ASplice Software

ASplice is a scalable and memory-efficient algorithm for de novo transcriptome assembly that constructs splicing graphs for RNA-Seq libraries, which recover alternative splicing information. For each node in each splicing graph, the expression level is reported as the number of reads per kilobase of node per million reads (RPKM) with respect to each library.

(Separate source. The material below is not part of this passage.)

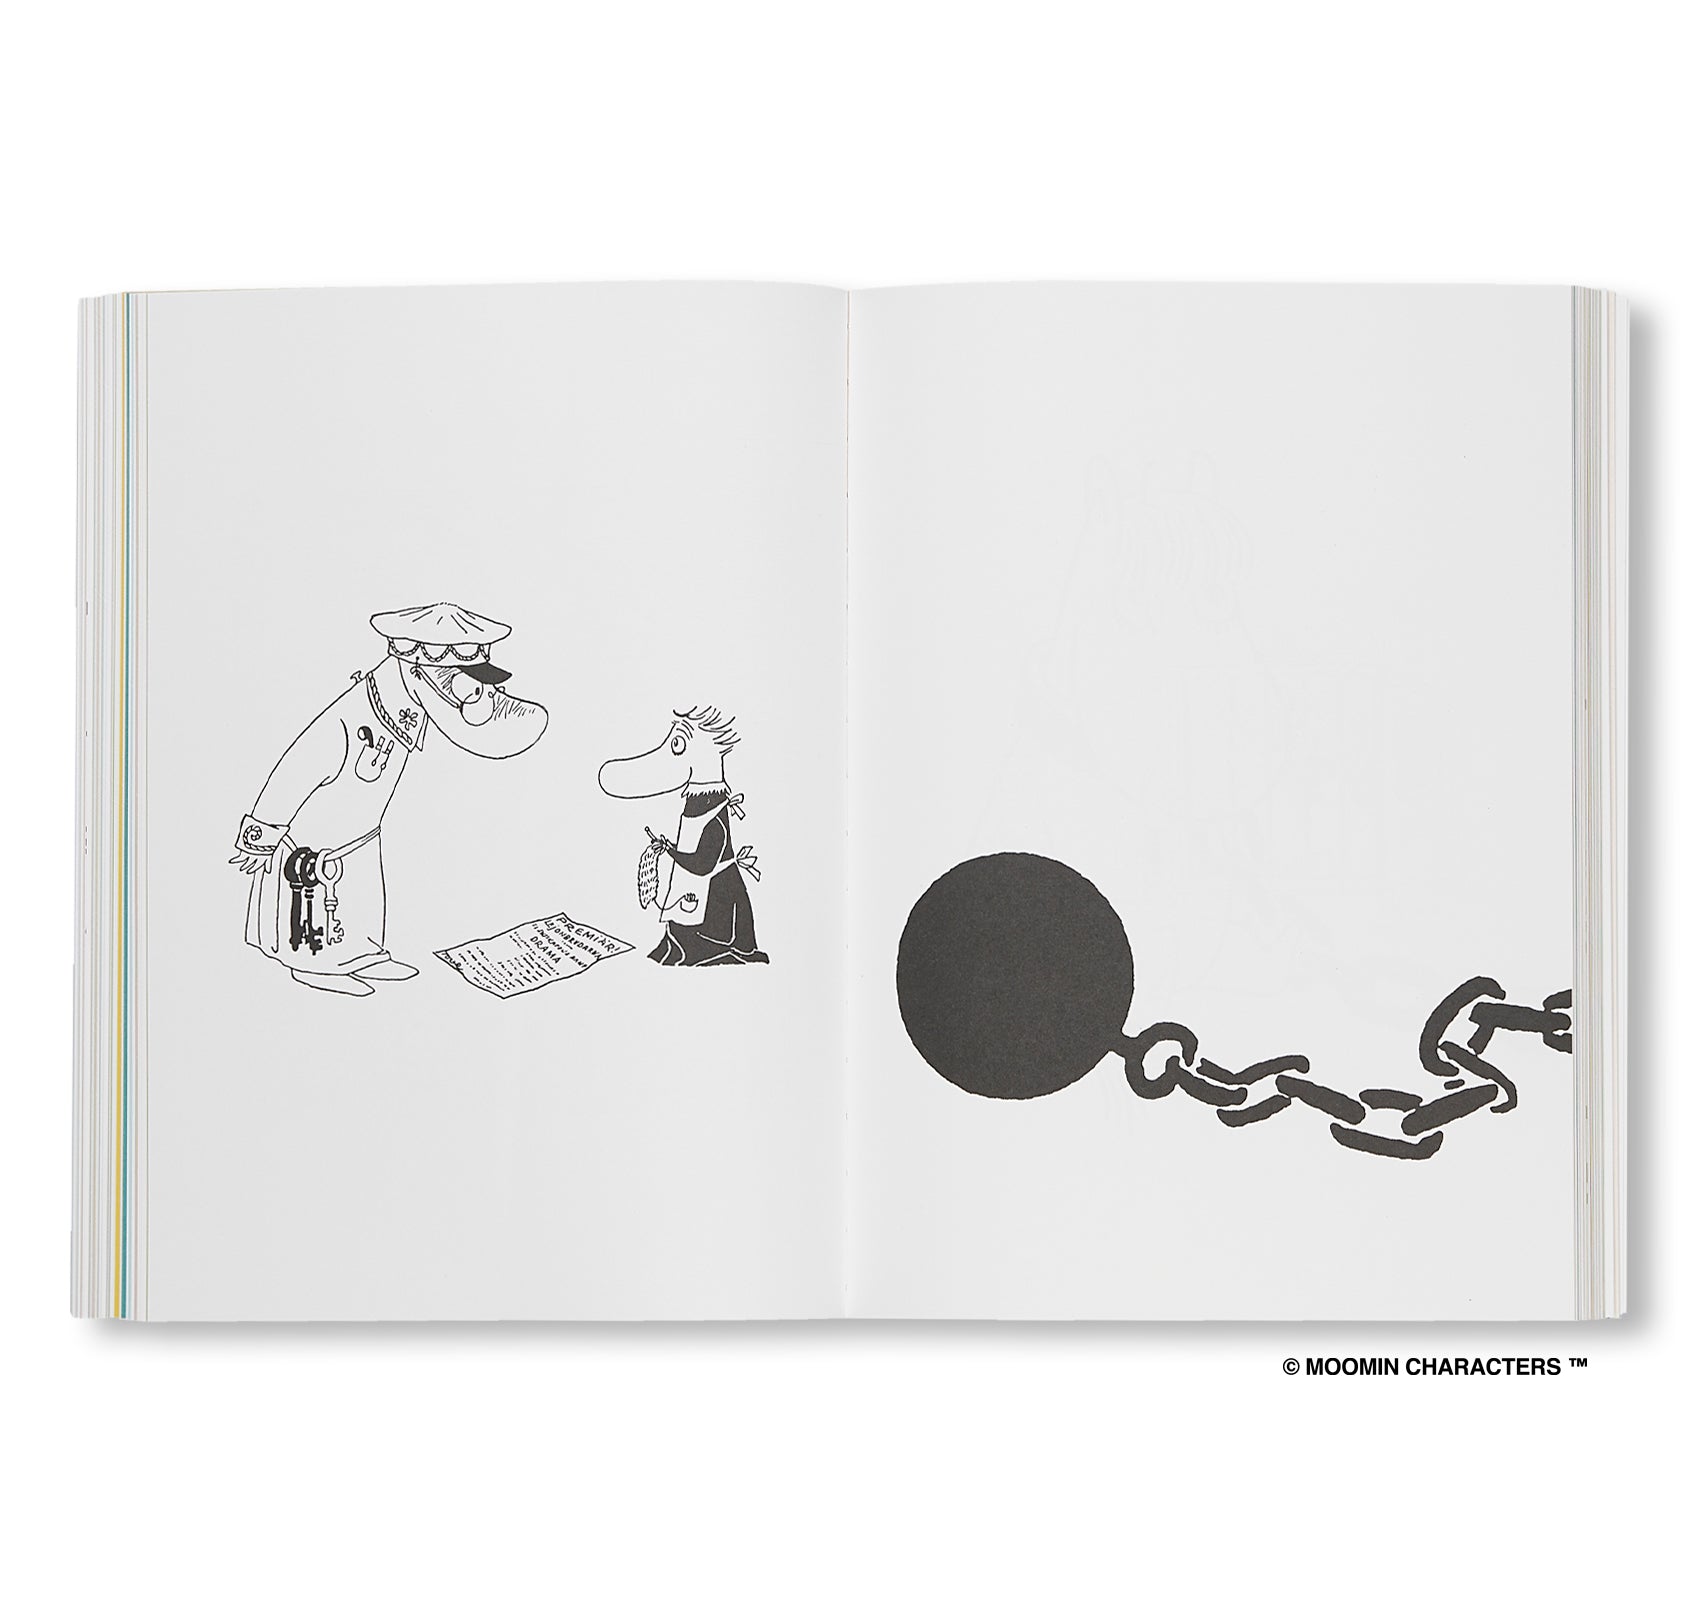 MOOMIN MISCHIEVOUS NATURE by Tove Marika Jansson [SOFTCOVER]

The source code consists of four files extractfa.c, extractfa2.c, asplicek.c, and asplicel.c. They can be compiled with the commands "gcc -O3 -o extractfa extractfa.c", "gcc -O3 -o extractfa2 extractfa2.c", "gcc -O3 -o asplicek asplicek.c", and "gcc -O3 -o asplicel asplicel.c".

Steps

1. For each RNA-Seq library, extract and trim each read based on the quality score with the following command (arguments within brackets are optional, but an earlier argument cannot be skipped if a later argument is supplied):
   • Single-end reads: extractfa input_fastq_filename output_fasta_filename [number_of_parts] [minimum_sequence_length] [minimum_quality_score]
   • Paired-end reads: extractfa2 forward_fastq_filename reverse_fastq_filename output_fasta_filename [number_of_parts] [minimum_sequence_length] [minimum_quality_score]
   When number_of_parts is larger than one, the output filenames are of the form output_fasta_filename.part, where part is the part number ranging from 1 to number_of_parts. The default values are: number_of_parts = 1, minimum_sequence_length = 1, and minimum_quality_score = 15.
2. Perform the parallel stage by running the following command on each part (or each library):
   • asplicek k filename [part_number]
   Each part (or each library) can be run on one processor on the same or different computing nodes. The range of k is 13 ≤ k ≤ 45 with k odd. Omit part_number if number_of_parts is equal to one. For a library with multiple parts, asplicek should be run number_of_parts times with part_number ranging from 1 to number_of_parts. Output filename is of the form filename.k if part_number is not supplied, and filename.part.k otherwise. If asplicek has been run before with k' < k, then the previous result with the largest k' will be utilized by the iterative algorithm. When multiple assemblies with different values of k are needed, asplicek should be run multiple times with the desired values of k in increasing order.
3. Perform the sequential stage to obtain the assembly by running the following command:
   • asplicel k c filename_1 ... filename_n > output_file
   Each assembly with a given setting of k and the k-mer coverage cutoff c can be run on one processor on the same or different computing nodes. The range of k is 13 ≤ k ≤ 45 with k odd. For a library with multiple parts, only one filename is needed without the part number. The program will automatically determine the number of parts for each library. One RPKM value will be reported for each library (not each part) within each node.
4. Perform downstream analysis using output_file.

Output

The assembly is represented in an annotated fasta format, in which each splicing graph is given as a collection of nodes, with connecting normal and paired edges and RPKM values for each library embedded within the name of each node. Different splicing graphs are separated by blank lines.

Each node name is given as >NODE_u:v_1,v_2,...,v_p,(w_1),(w_2)...,(w_q), where u is the ID of the current node, u -> v_1, u -> v_2, ..., u -> v_p are normal edges, and u -> w_1, u -> w_2, ..., u -> w_q are paired edges, followed by one RPKM value for each library that are listed in the same order as the library files.

SNPs are reported within the sequences as IUPAC letters that are not A, C, G, T.

Reference

Sze S.-H., Pimsler M.L., Tomberlin J.K., Jones C.D. and Tarone A.M. A scalable and memory-efficient algorithm for de novo transcriptome assembly of non-model organisms.